Visualizing Hierarchical Results
The PCA visualizations revealed notable differences from my k-means attempts:
1# Visualize 3-cluster solution
2fviz_cluster(list(data = scaled_data, cluster = hc3_clusters),
3 geom = "point",
4 palette = c("#FF6B6B", "#4ECDC4", "#45B7D1")) +
5 ggtitle("Hierarchical Clustering (k=3)")
6
7# Visualize 4-cluster solution
8fviz_cluster(list(data = scaled_data, cluster = hc4_clusters),
9 geom = "point",
10 palette = c("#FF6B6B", "#4ECDC4", "#45B7D1", "#FFA07A")) +
11 ggtitle("Hierarchical Clustering (k=4)")

The fviz_cluster() function creates a two-dimensional representation of the multidimensional customer data using Principal Component Analysis (PCA). Think of this as creating a map where similar customers appear close together and different customers appear far apart. The ellipses around each cluster show the approximate boundaries, with larger ellipses indicating more internal variation within the segment.
The hierarchical four cluster visualization showed cleaner separation than my k-means attempt. While some overlap remained between adjacent clusters, the boundaries appeared more natural rather than artificially imposed. Critically, the clearly distinct cluster remained well-separated from all others, and the division of the mainstream segment looked meaningful rather than random.
Why Hierarchical Clustering Worked Better
Several factors explained why the hierarchical approach produced superior results for this coffee preference data. Unlike k-means, which assumes all clusters should be roughly spherical and similar in size, hierarchical clustering can detect clusters of different shapes and densities. My coffee preference data apparently contained some tight, well-defined groups and some looser, more dispersed groups that didn't fit k-means' geometric assumptions.
The dendrogram revealed which customer groupings were most stable across different solutions. The same core segments appeared in both three and four cluster solutions, suggesting these represented genuine customer types rather than statistical artifacts created by the algorithm. This stability provided confidence that the hierarchical method was identifying real patterns in customer preferences rather than imposing artificial structure.
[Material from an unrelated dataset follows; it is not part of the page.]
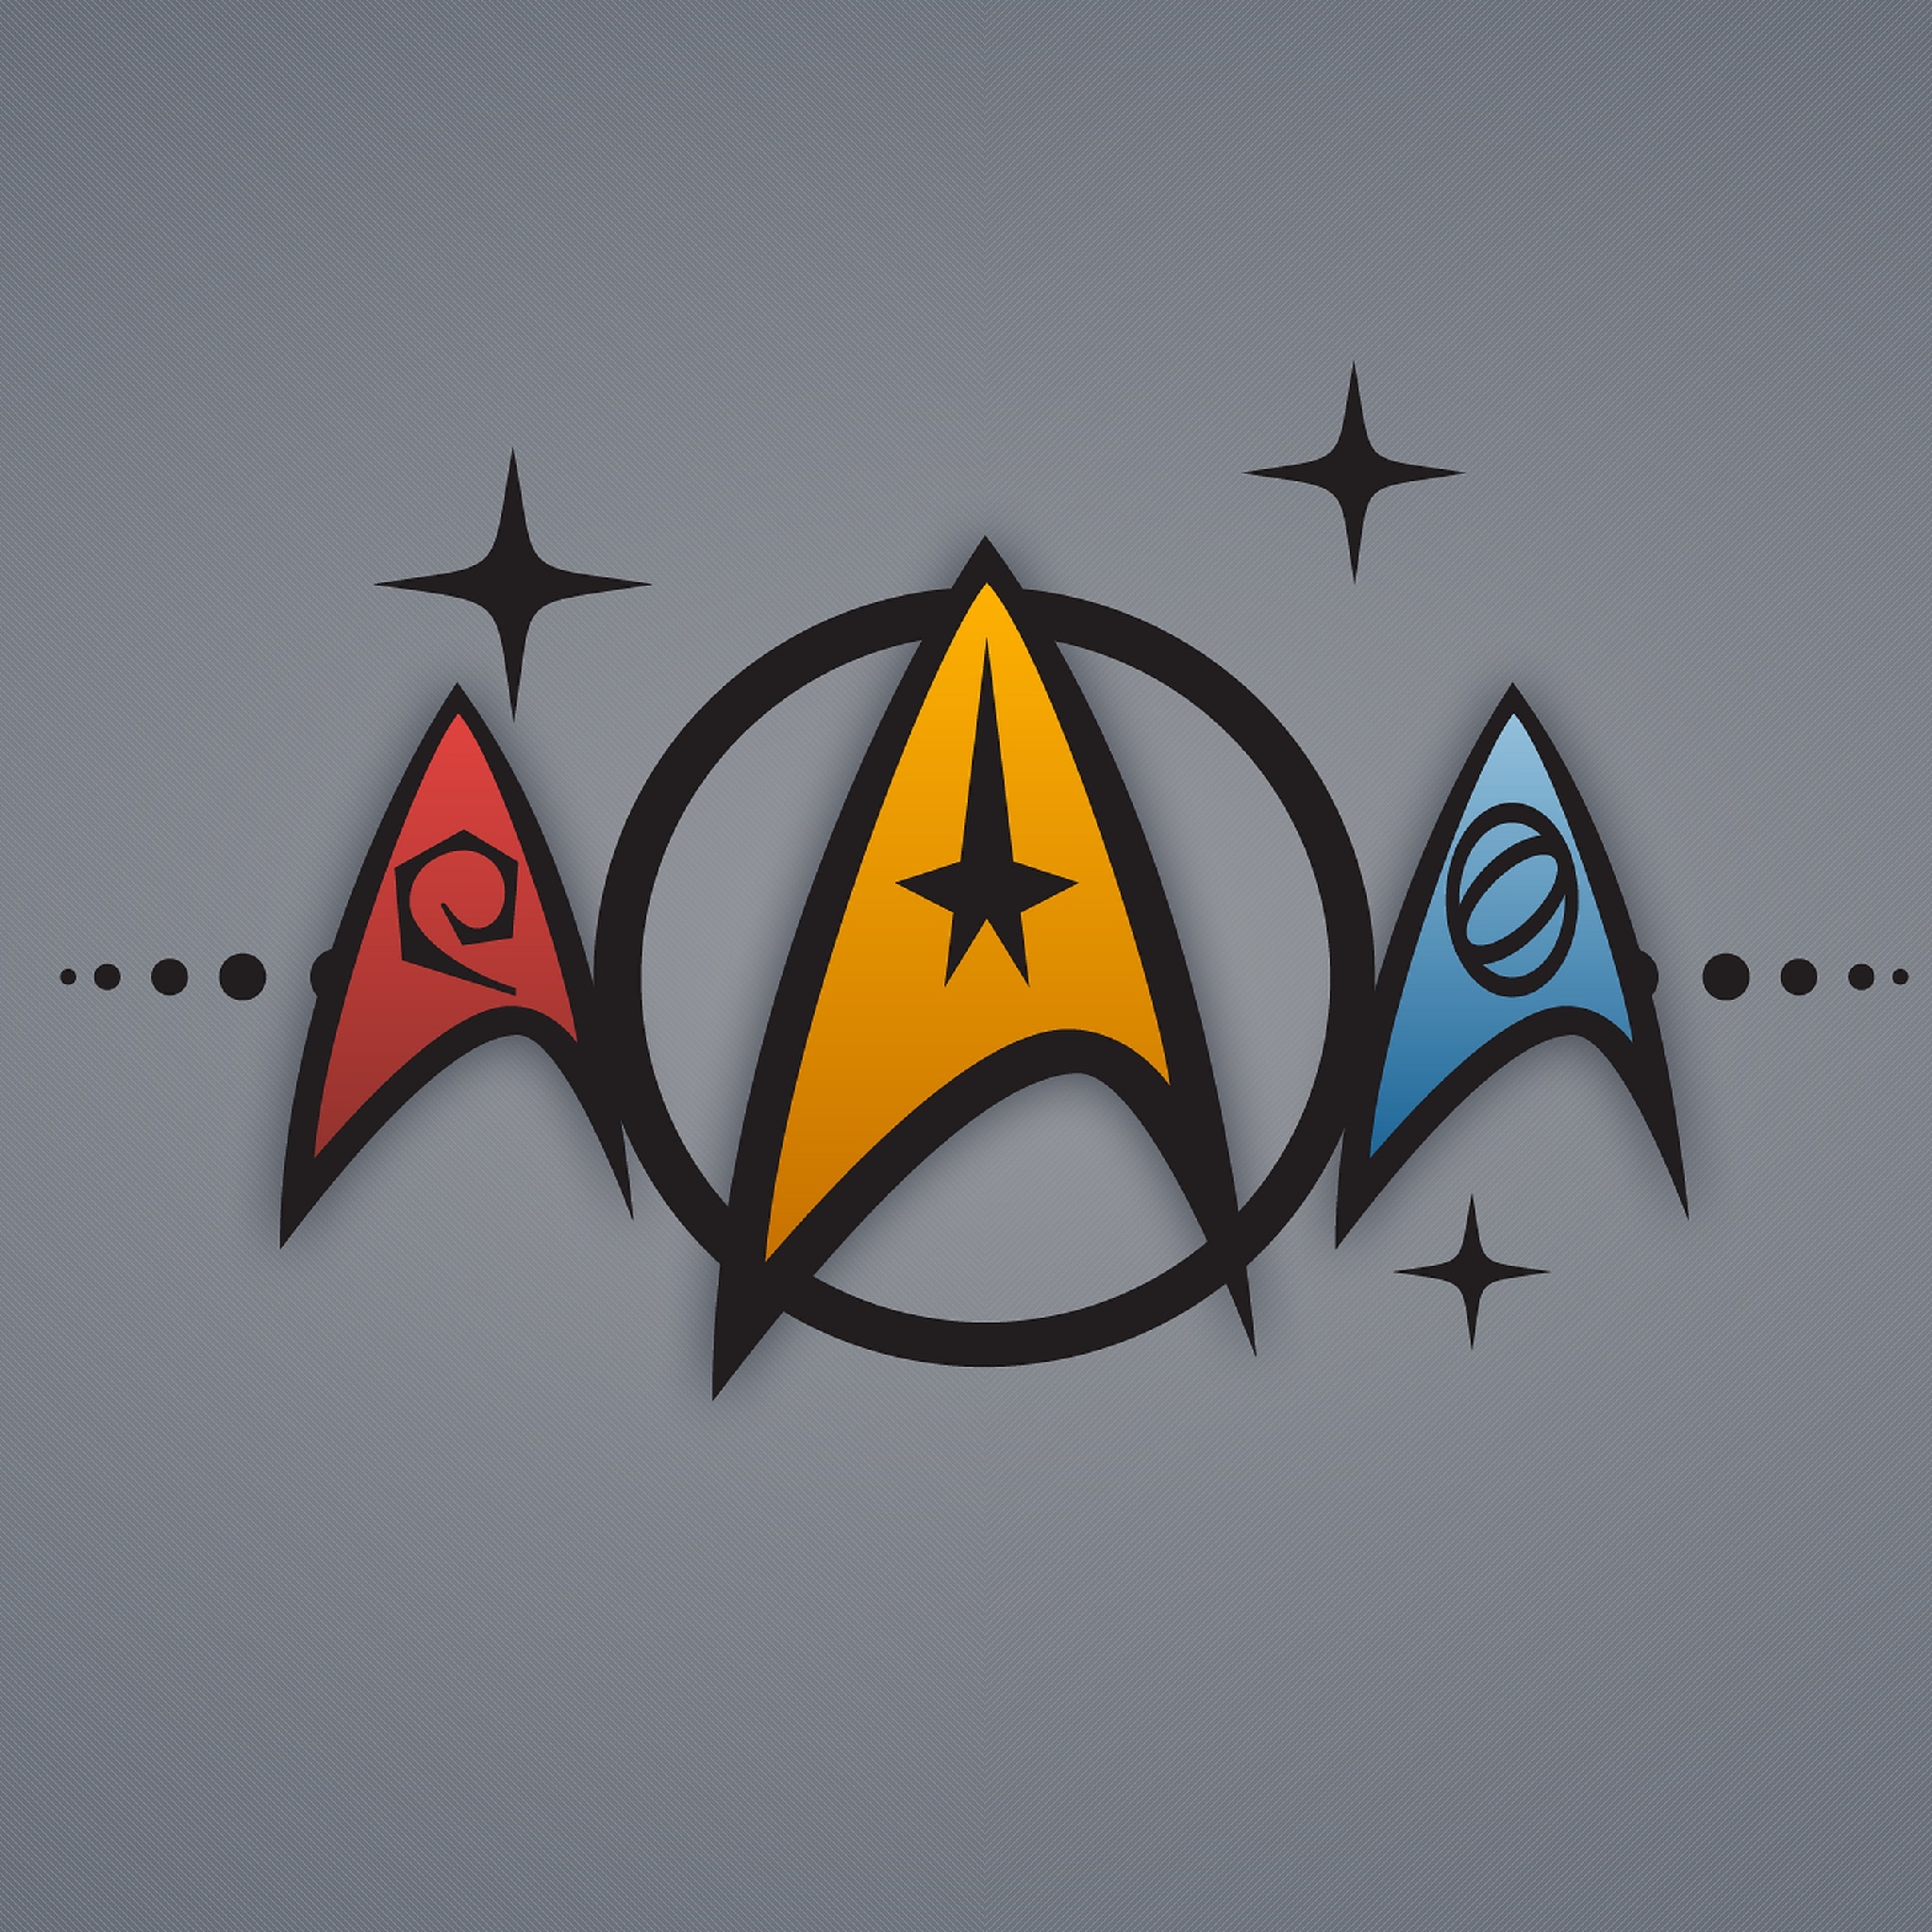 Download Star Trek Logo 2048 x 2048 Wallpapers - 4570474 - science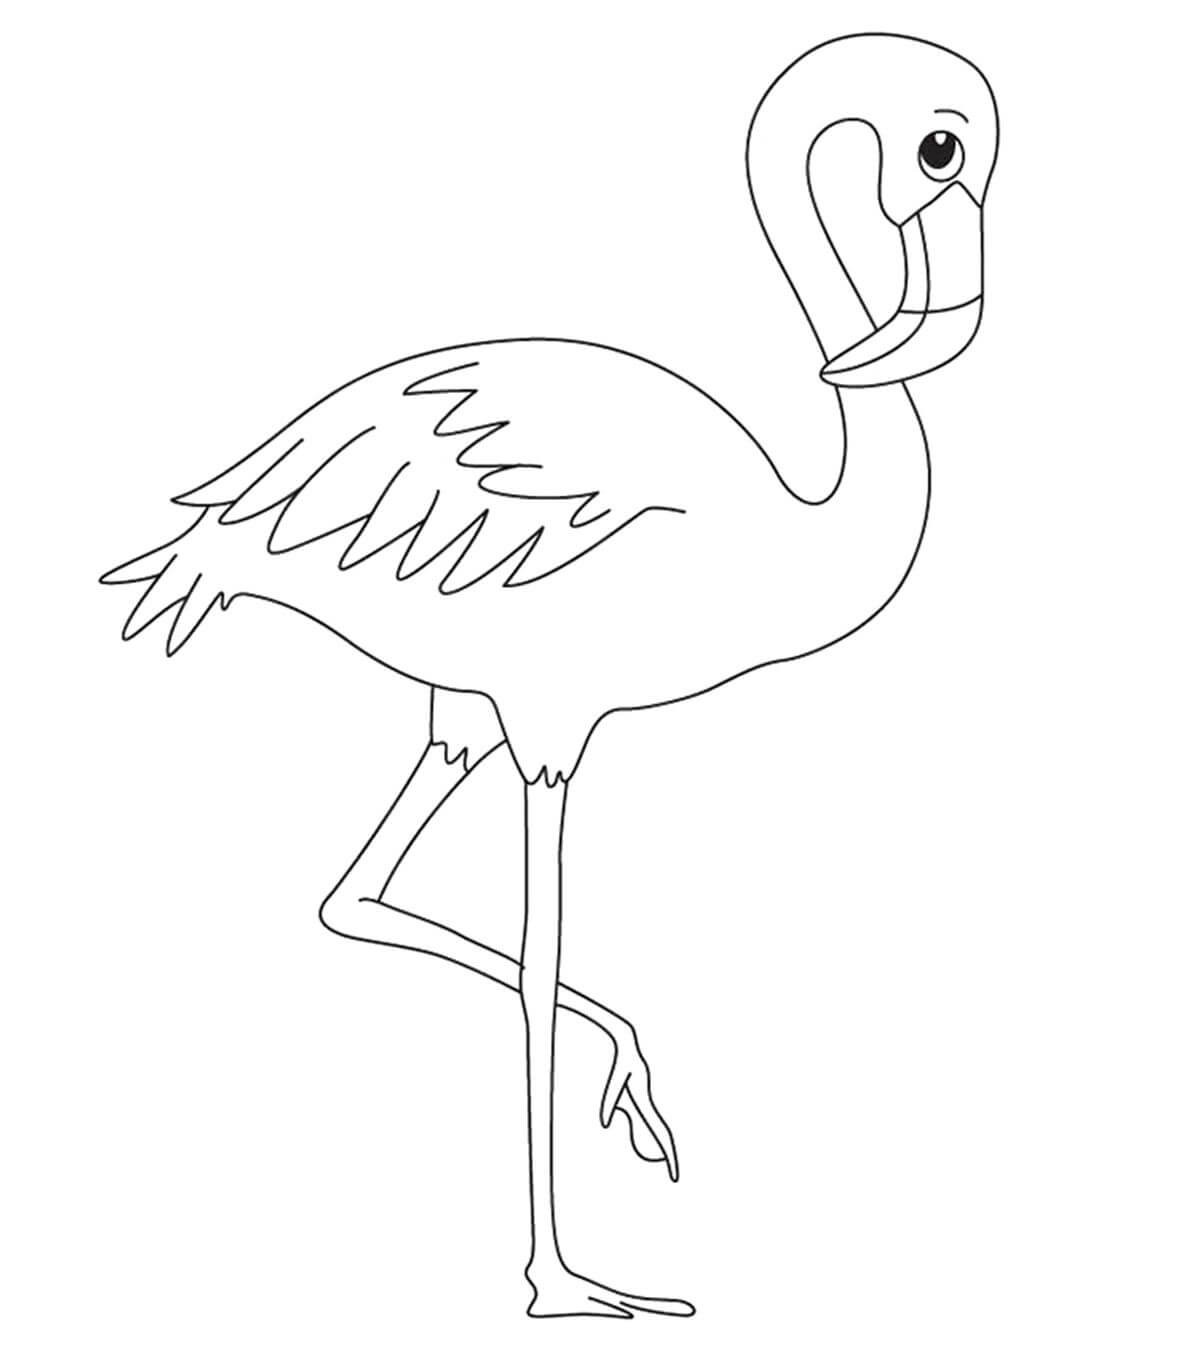 Impressionante Flamingo para colorir

Ward linkage specifically optimizes for creating clusters with minimal internal variation, which aligns well with segmentation goals. This method tends to produce segments where customers within each group are as similar as possible, making the resulting clusters more coherent and actionable for marketing purposes. The dendrogram also provided clear visual guidance about where natural divisions exist in the data, rather than forcing me to guess the optimal number of clusters based solely on statistical measures.
The convergence between hierarchical and k-means results strengthened my confidence in the underlying patterns. Both methods produced nearly identical silhouette scores of 0.508 and 0.509 respectively for four clusters, suggesting that genuine customer structure existed rather than method-specific artifacts. When different algorithms detect similar patterns, it indicates that the clustering reflects real customer groupings rather than algorithmic bias.
However, I wouldn't say I definitively prioritized hierarchical clustering over k-means based on this analysis alone. The statistical quality was virtually identical between the two approaches, with both four-cluster solutions producing silhouette scores around 0.508. The key advantage of the hierarchical method was its ability to reveal the data's natural structure, which led to a more interpretable and stable result. It cleanly subdivided the large mainstream segment along meaningful lines rather than creating artificial breaks. This highlights a crucial lesson in segmentation supported by Dolnicar et al. (2018): success is not merely a hunt for the highest statistical score, but a search for the most stable, understandable, and ultimately actionable customer groupings. [15] In this case, the hierarchical approach delivered a solution that was not just statistically sound, but also made more business sense.
The Missing Piece: Demographic Validation
Note that in real-world segmentation projects, researchers would conduct further validation beyond the statistical and preference-based analysis we've focused on here. A step involves examining how each clustering solution performs across demographic variables, behavioral data, and other customer characteristics available in the dataset.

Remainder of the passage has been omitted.